Behavioral effects of morphine and cocaine in M1 muscarinic acetylcholine receptor-deficient mice

Abstract

Muscarinic acetylcholine receptors (M1-M5) modulate the activity of the central nervous system and an array of physiological functions. Recent evidence has also implicated muscarinic receptors in behavioral effects of drugs of abuse such as morphine and cocaine. However, the genetic similarity between muscarinic receptors and the coexpression of multiple subtypes in most cells has impeded the development of selective antagonists and the determination of the role of each muscarinic receptor subtype in morphine's and cocaine's behavioral effects.

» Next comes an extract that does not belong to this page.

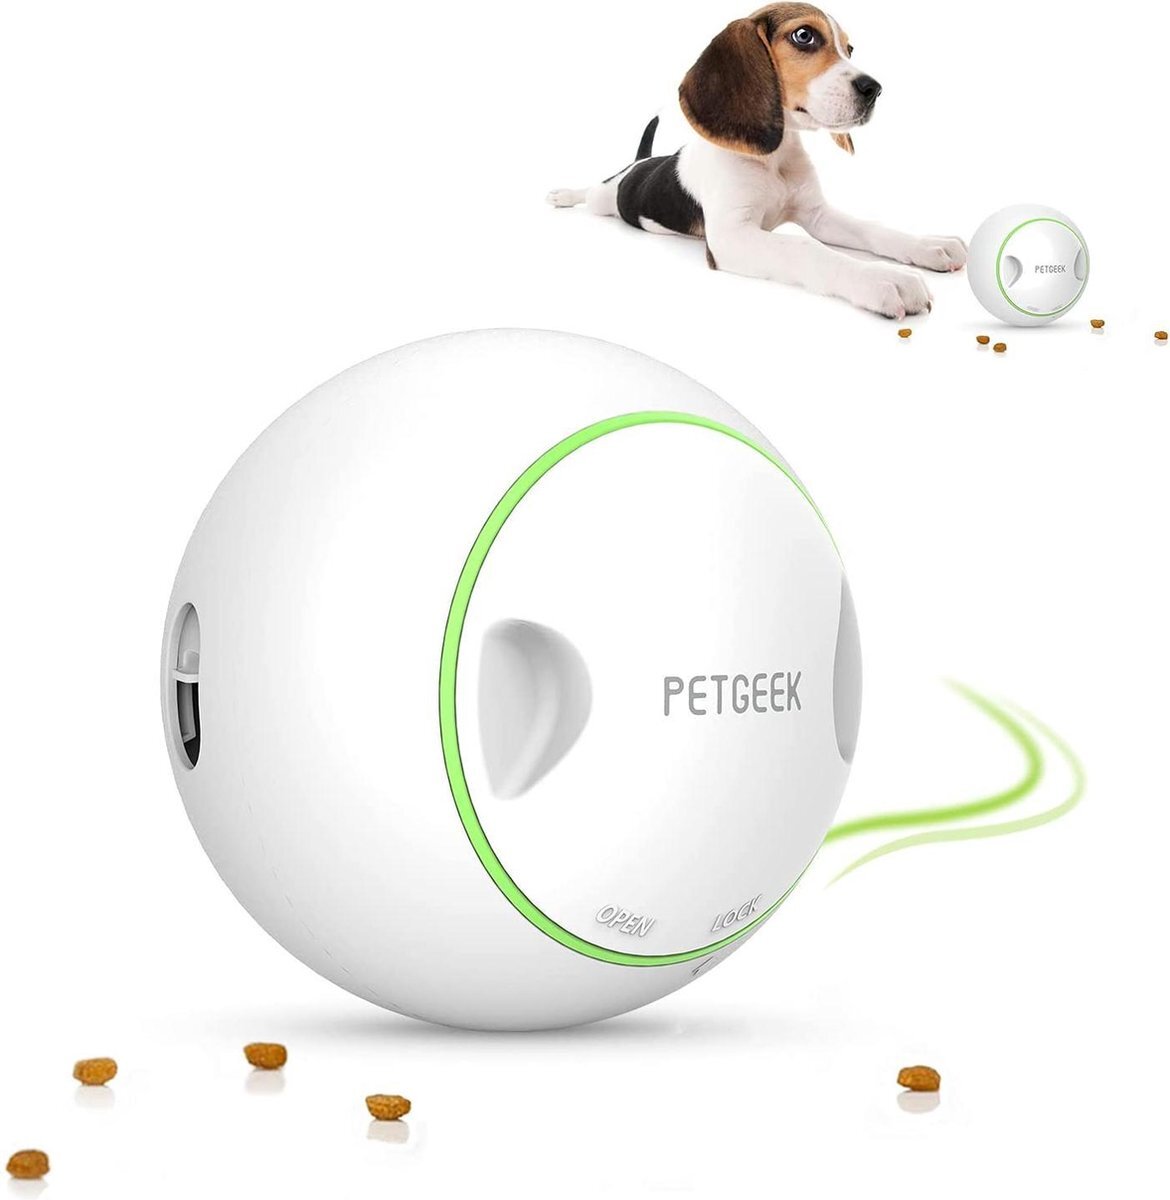 aanbieding Petgeek Foodie Orb - Honden Speelgoed bal - Puppy speelgoed - Hondenspeeltje - honden speelgoed - snuffelmat hond - honden speelgoed intelligentie

The present studies employ mice deficient in the M1 receptor subtype (M1 KO) to assess morphine antinociception (2.5, 5.0, 10, or 20 mg/kg) and the conditioned rewarding effects of morphine and cocaine (2.5, 5.0, or 10 mg/kg). M1 KO and their wild-type (WT) littermates were tested using a 56 degrees C hotplate assay and a conditioned place preference procedure. Parallel studies using the M1 receptor antagonist, pirenzepine, were also conducted in the background strain C57BL6 mice. The results demonstrate that M1 KO mice display a greater antinociceptive effect of morphine in the hotplate assay; however, the effects of morphine as well as cocaine were attenuated in the conditioned place preference procedure. Comparable results were obtained with the pharmacological antagonism of the M1 receptor by pirenzepine. These results suggest a modulatory role of the M1 muscarinic receptor in opioid antinociception and conditioned drug reward, and demonstrate the utility of M1 receptor knockout models for the determination of the role of the M1 subtype in the behavioral effects of morphine and cocaine.